Ground 3: Obviousness over Saito825, Fukutome, and James - Claims 1, 3, 4, 7, and 8 are obvious over Saito825 in view of Fukutome and James.

• Prior Art Relied Upon: Saito825 (Application # 2008/0029825), Fukutome (Application # 2005/0285203), and James (a 2005 IEEE conference paper).
• Core Argument for this Ground:
  • Prior Art Mapping: Petitioner argued this combination provides all elements of the claims. Saito825 discloses a base SRAM transistor structure, including the use of silicon oxide to fill recesses in isolation regions adjacent to the transistor.
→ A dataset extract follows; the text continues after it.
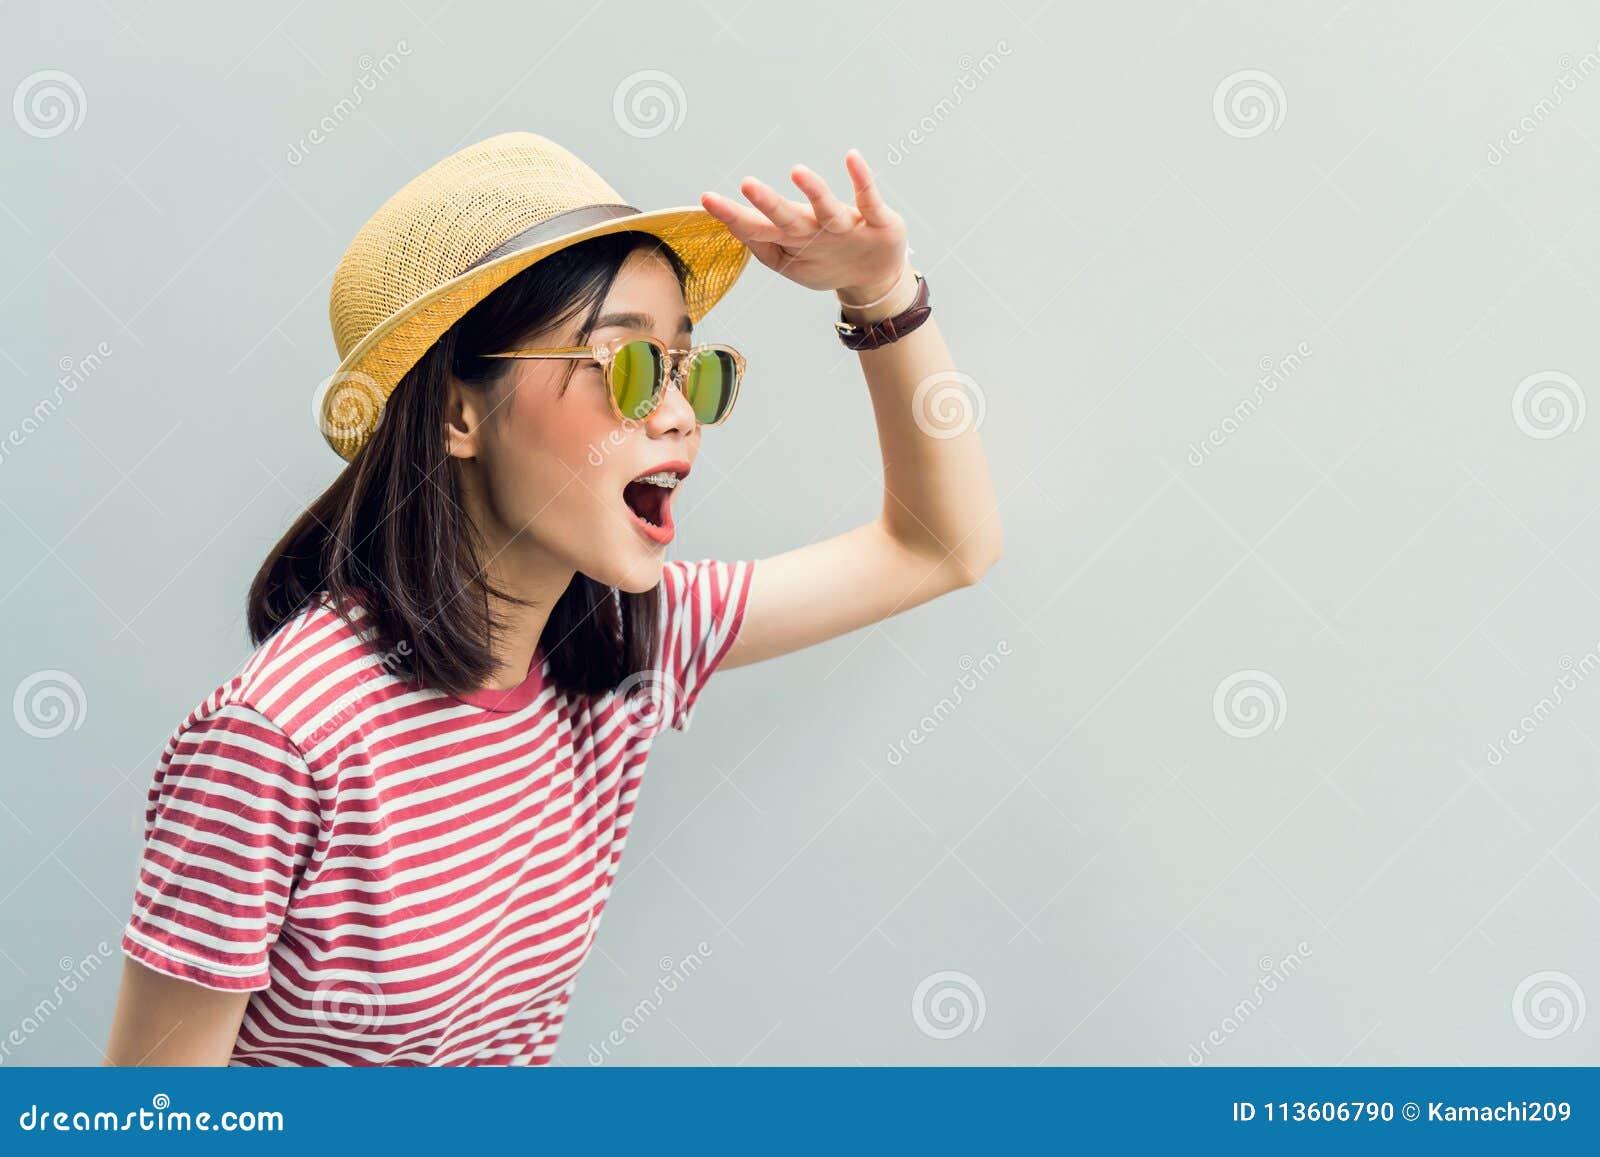 Το νέο κορίτσι ευτυχές ανυπομονεί να βρεί κάτι Γυαλιά ηλίου ένδυσης με μια αντανάκλαση της ελαφριάς ηλιοφάνειας

Fukutome teaches an improvement for PMOS devices by replacing standard source/drains with raised, faceted epitaxial SiGe to create beneficial compressive stress. James teaches that applying a tensile stressed silicon nitride layer (CESL) is a well-known, inexpensive method to improve NMOS device performance. The proposed combination substitutes Fukutome's raised SiGe into Saito825's PMOS transistor and makes Saito825's nitride layer tensile per James.
  • Motivation to Combine: A POSITA would have been motivated to combine these known techniques to improve the performance of Saito825’s standard SRAM device. It was a simple case of substituting a known, superior element (Fukutome's raised SiGe) for an old one to improve PMOS performance, and applying a known technique (James's tensile CESL) to improve NMOS performance. The silicon oxide disclosed by Saito825 for filling recesses would then naturally and inherently be located between the raised SiGe facets and sidewalls, serving as a buffer—the claimed "stress-relief film"—to mitigate the unwanted tensile stress on the improved PMOS device.
  • Expectation of Success: The combination involved substituting known elements for their known purposes (improving performance) and would predictably result in an improved SRAM device. James confirmed the commercial success of using both raised SiGe and a tensile CESL together.

4. Relief Requested

• Petitioner requested that an inter partes review be instituted and that claims 1, 3, 4, 7, 8, and 11 of the ’425 patent be cancelled as unpatentable.